Application of Problem Inversion to Cascading Critical Infrastructure Failure

Abstract

Between 1994 and 2013, over 6800 natural disasters have occurred worldwide, claiming 1.35 million lives. Flooding accounted for over 40 % of these disasters displacing nearly 2.5 billion people. Storms were the second most frequent type of disaster: killing more than 240,000 people and costing over US$900 billion in damage to infrastructure. It is commonly felt that the number of severe natural disasters has been increasing in recent years because of climate change. However, the problem of climate change may not be solved in the near future. So governments need to prepare for frequent future natural disasters and find ways to mitigate the potential death and destruction they cause. This chapter will discuss a novel method for making preparations to avoid the problem of cascading disasters created by a single natural event. This approach will adapt a knowledge based technique from manufacturing, called Ideation Failure Analysis™, to correct deficiencies in critical infrastructure.
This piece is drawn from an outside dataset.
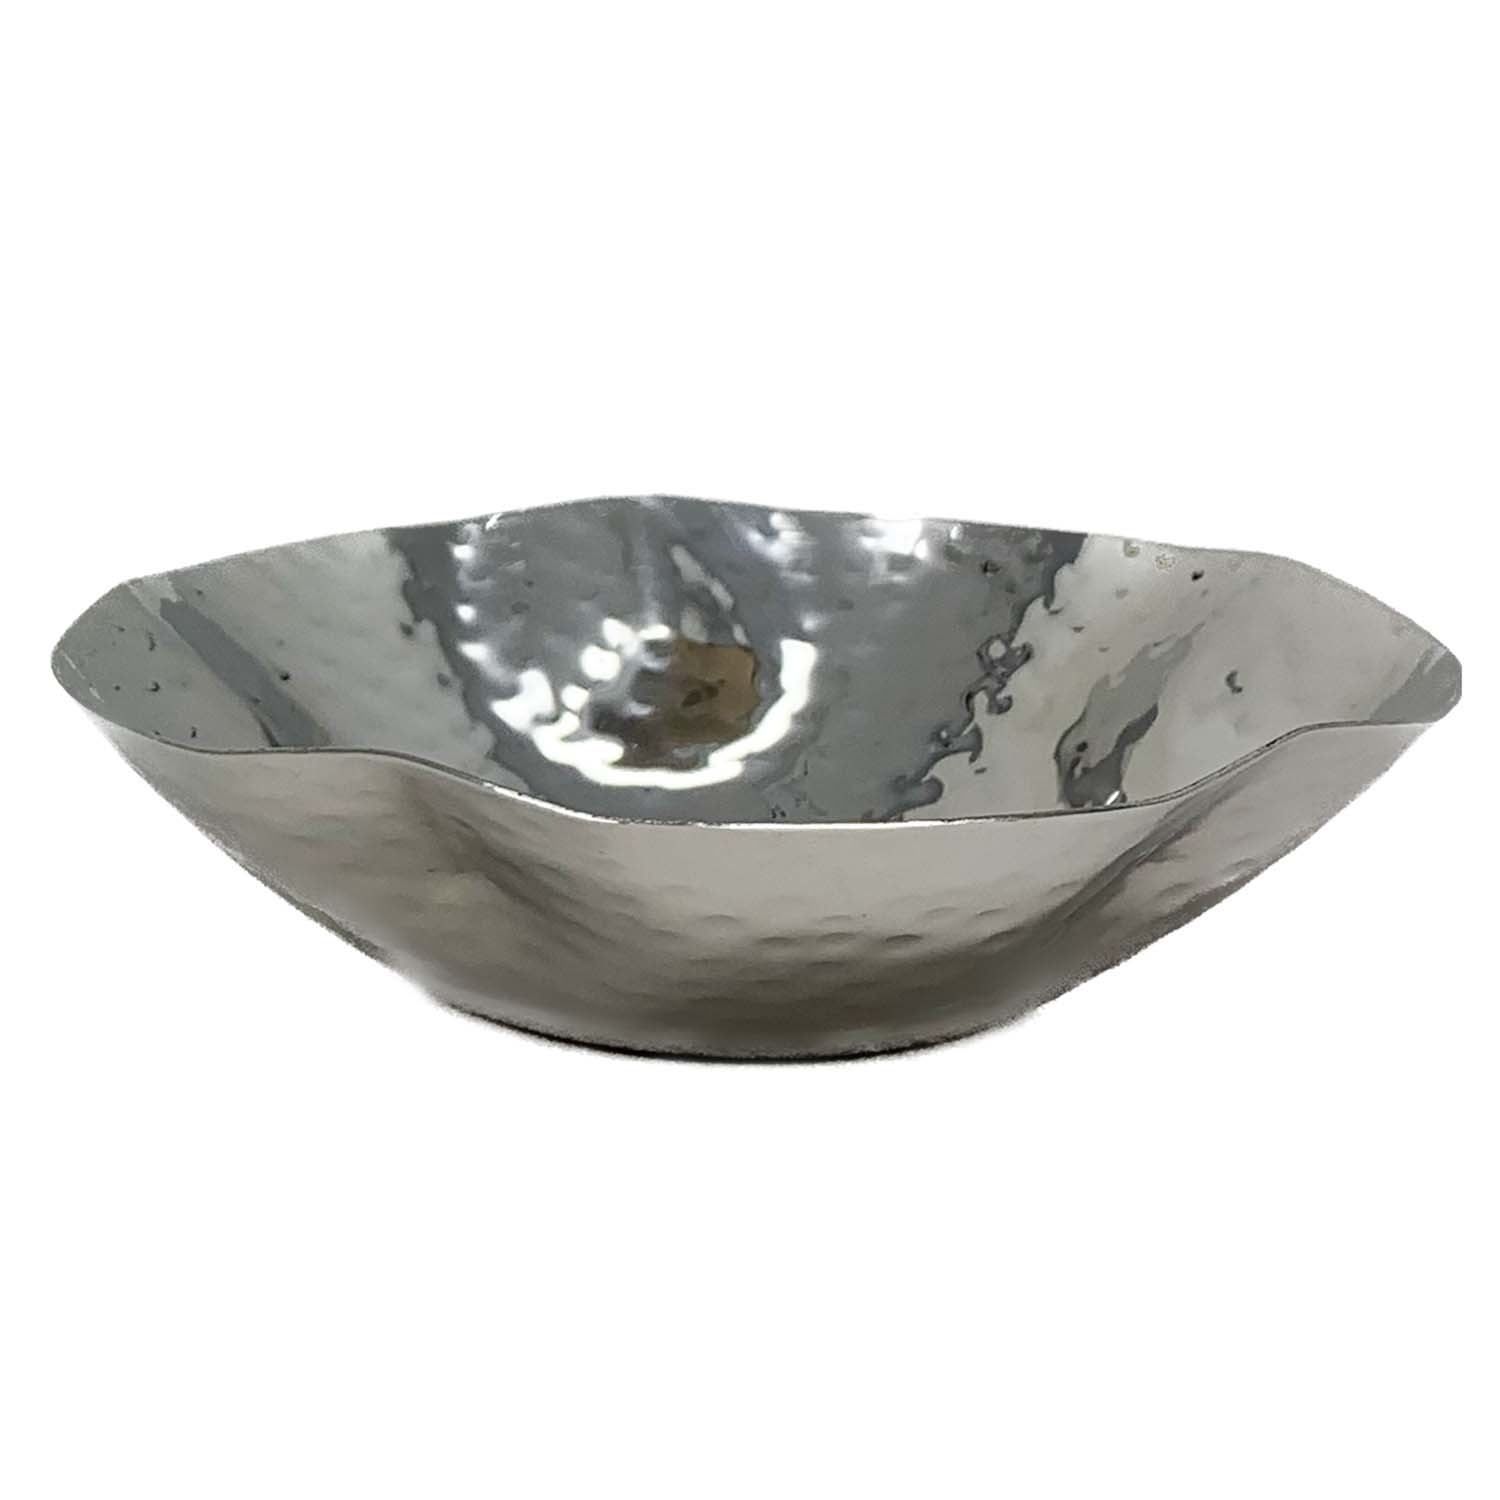 Stainless Steel Food Serving Bowl Candy Nut Dish Hammer Metal DesignHigh Quality Curved Hammered Nut Bowl Stylish Design #2

The technique involves a number of approaches that are combined into a comprehensive process. First, a simple direct approach is attempted with the assistance of a knowledge base. If the problem can not be resolved in the direct manner, then an indirect approach is suggested. A detailed Failure Analysis Questionnaire is used to assist in model building. A model of the failure network is developed. However, instead to working directly towards failure correction, an inversion process is conducted. That is, in order to facilitate greater creativity, the analysis team is asked to imagine ways to produce the failure. The creative work is then assisted by a knowledge base. The analysis team is able to prioritize the likelihood that a cause might have resulted in the failure. The next step is to find ways to prevent, eliminate, or reduce the impact of the failure. Again to assist the creative process, a knowledge base provides suggestions for correction techniques that can be prioritized in a hierarchical fashion. Finally, the results are evaluated to avoid negative side-effects or drawbacks in the suggested ways to correct the failure. This chapter will conclude by providing some recommendations and an evaluation of the potential of this technique.